In the face of polyester filament manufacturers ignoring the downstream trend and following crude oil prices from time to time, the market is really Is it getting better? The editor thinks, of course not!
Some people in the industry said that polyester filament manufacturers are just bluffing now, and price cuts in the future are still a high probability event.
For example, many polyester filament manufacturers have once again entered the inventory accumulation stage. In addition to the production and sales exceeding 100 on the 23rd, polyester Filament manufacturers have not experienced heavy volume for more than half a month, and most of them have average production and sales of 50% or less.
For example, polyester factories are still operating at high load. Recently, a 250,000-ton polymer spinning filament device producing POY was restarted during the Dragon Boat Festival. The start-up of polyester production increased from 90.9% to 91.3%;
For example, silk prices rose in the early period, but gray cloth prices found it difficult to keep up. In order to reduce inventory, some cloth bosses When it comes to price increases, we can only rely on price wars to sell goods;
For another example, although there are signs of recovery in foreign trade, the contradiction between supply and demand remains unabated, and more and more weaving The boss is beginning to consider the second round of production cuts and holidays. Later, the texturing and weaving markets will face a greater possibility of reduced production.
So, the biggest challenge this year for both raw material factories and weaving factories is how to regain demand. Throughout June, many textile people said that orders were mediocre. Although there were some signs of recovery in domestic and foreign trade, hot products were missing. After all, as terminal demand has not fully recovered, consumers can only consume rationally, and…Clothing is originally a non-essential necessity. People will only consider clothing after filling their stomachs. This also makes it difficult to drive demand recovery unless there are strong discounts and promotions downstream.
Then the polyester and fabrics in the intermediate links are in an awkward situation. On the one hand The rising prices of raw materials force them to increase prices, while falling downstream prices make it difficult for them to increase prices. The entire environment continues to release off-season signals, the contradiction between market supply and demand continues to escalate, and financial pressure will also amplify, so the proportion of raw materials purchased will also shrink.

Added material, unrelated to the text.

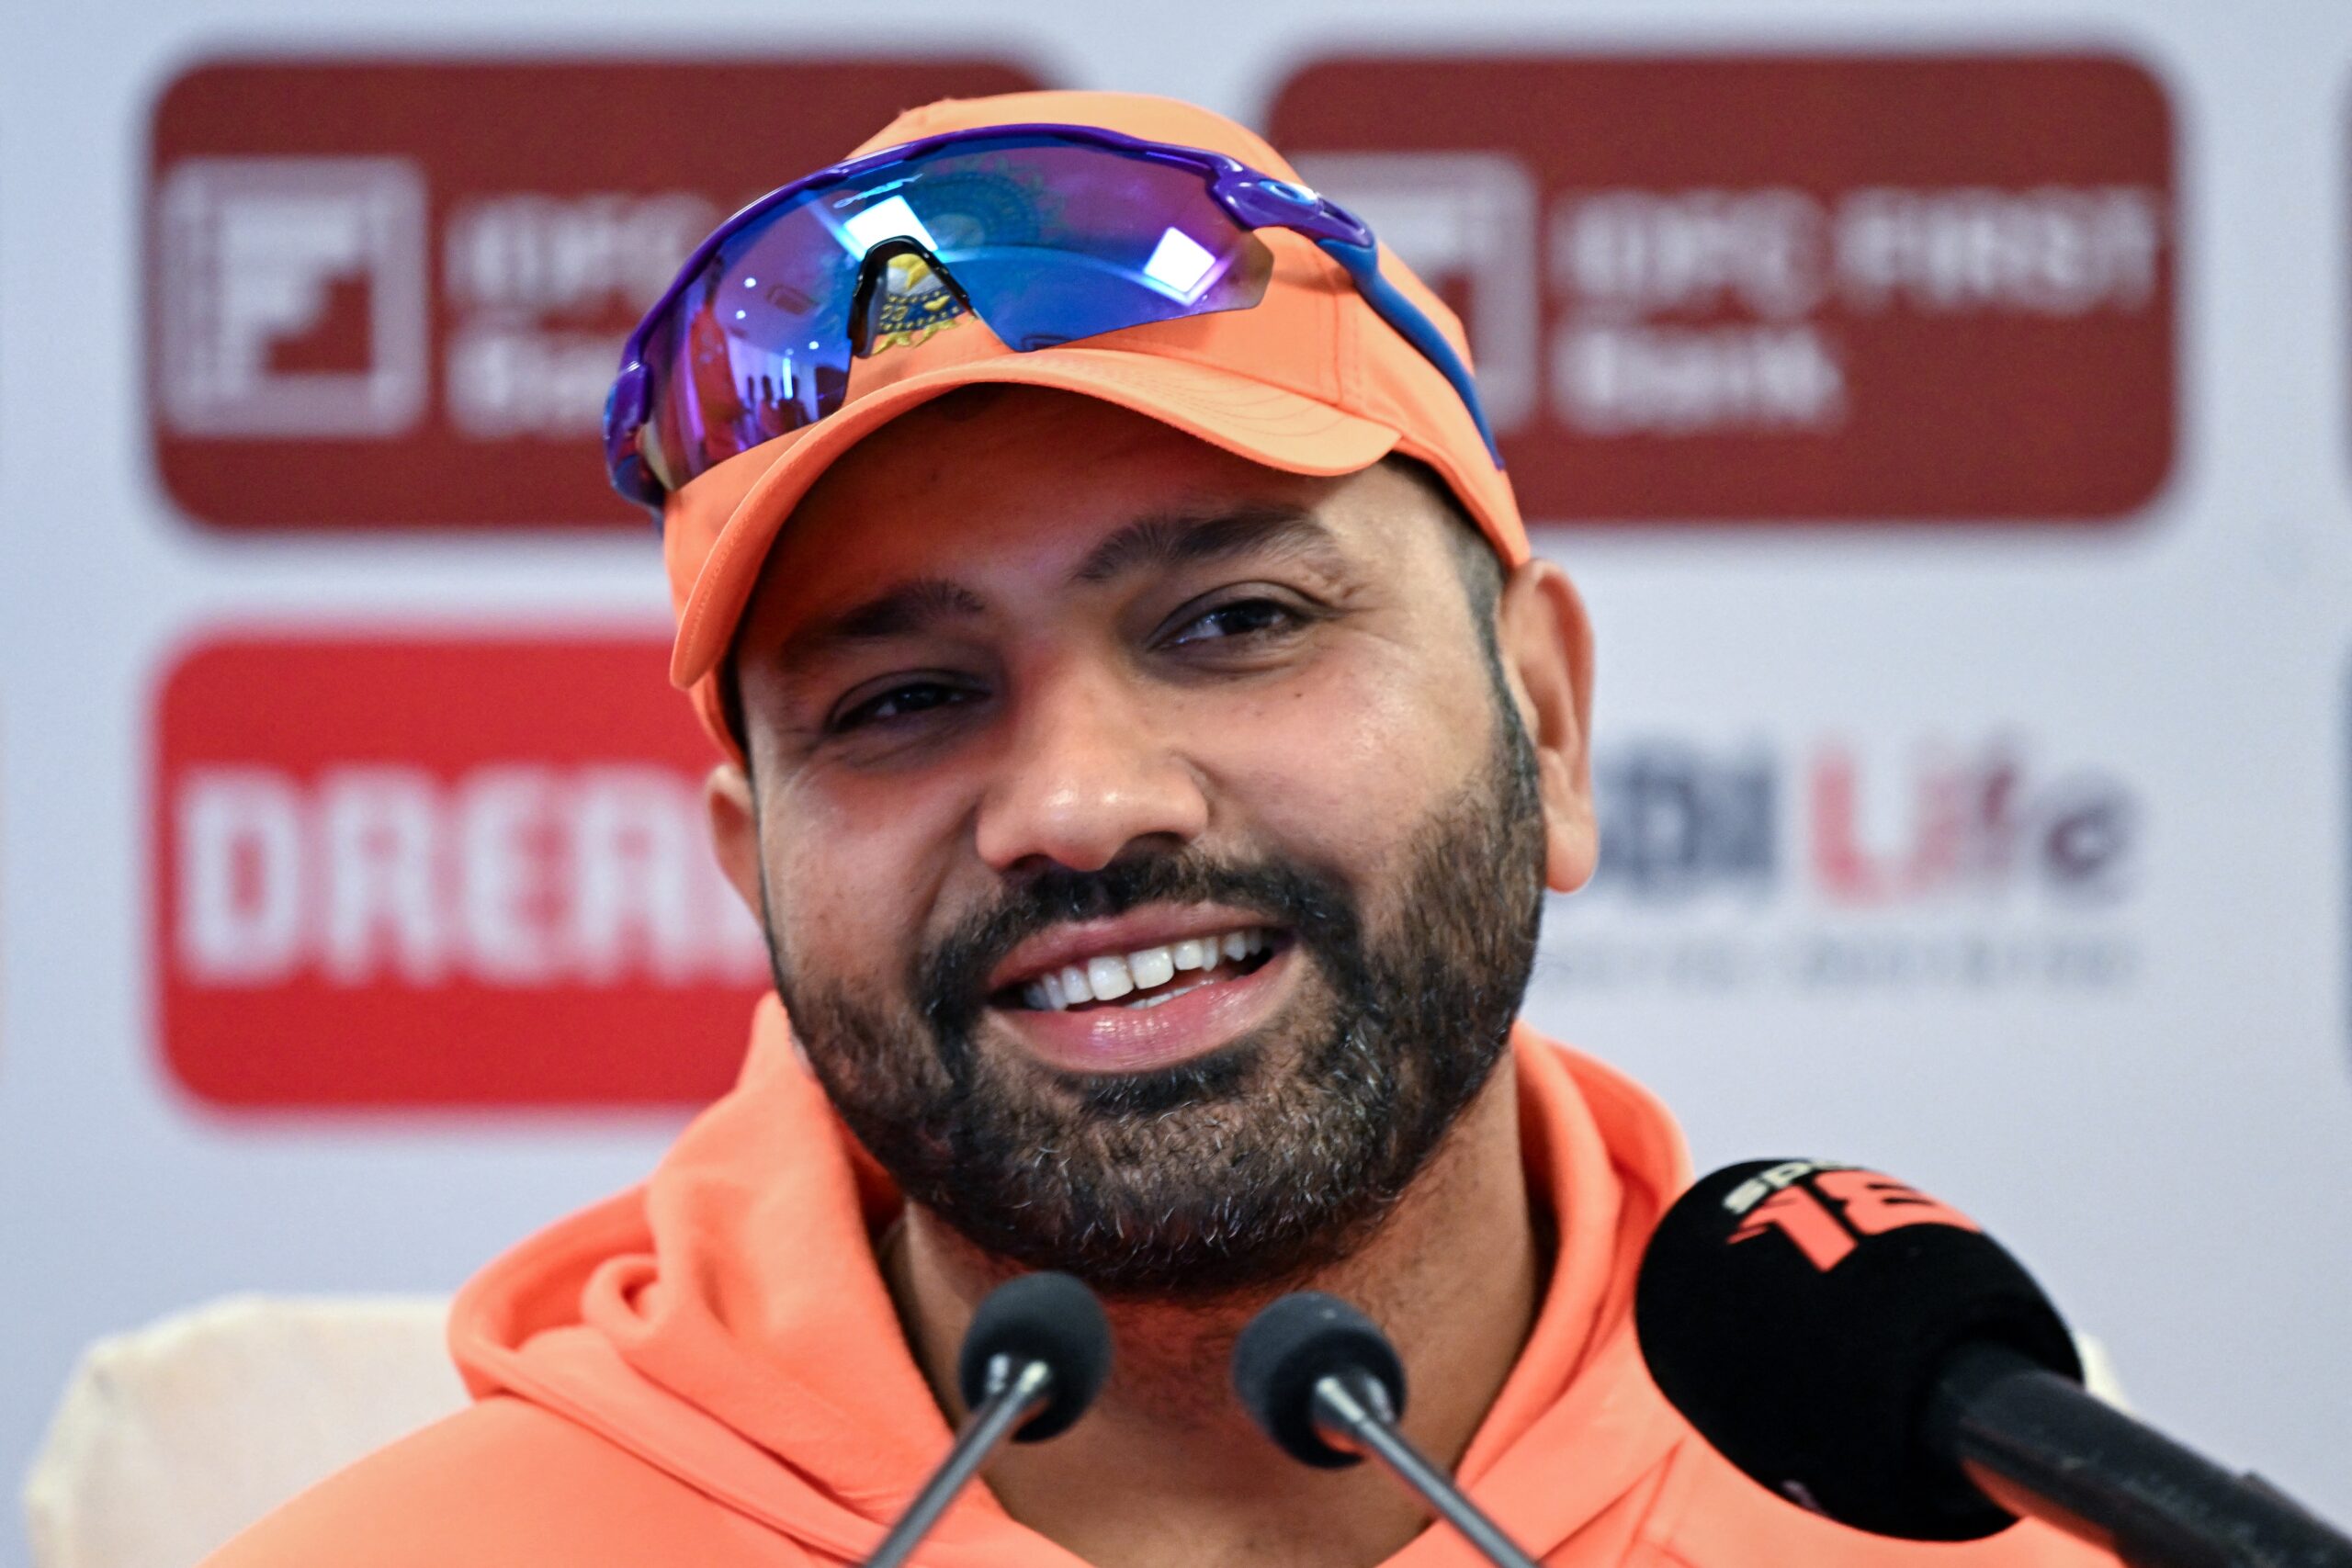 “Should I Say What Rohit Sharma Said?”: Ex England Star Gets Rishabh Pant Reminder In Commentary Box

In addition, the number of cases of the global epidemic has exceeded 10 million, which has had a large negative impact on the entire economy. , Now it seems that a recurrence of the epidemic is inevitable, and foreign demand is still facing greater pressure to return to the state last year. Mr. Wang, who handles foreign trade orders, said: “We can only support workers this year. It has been almost half a year since the beginning of the year, and we have not received a decent order. They are all orders of tens of thousands of meters. It is very difficult to make.” , if the raw materials continue to rise, then we will have a northwest wind!”
The contradiction between “expensive” flour and “cheap” bread can now be seen It will be difficult to neutralize in the short term. However, liquidity is relatively abundant this year. If the cost side rises sharply, it is still very likely to stimulate the downstream to enter the market again to obtain goods and end the “flour” deadlock in advance. However, the reality still depends on the terminal demand ( Changes in the epidemic situation at home and abroad) and the test of upstream (crude oil) price trends!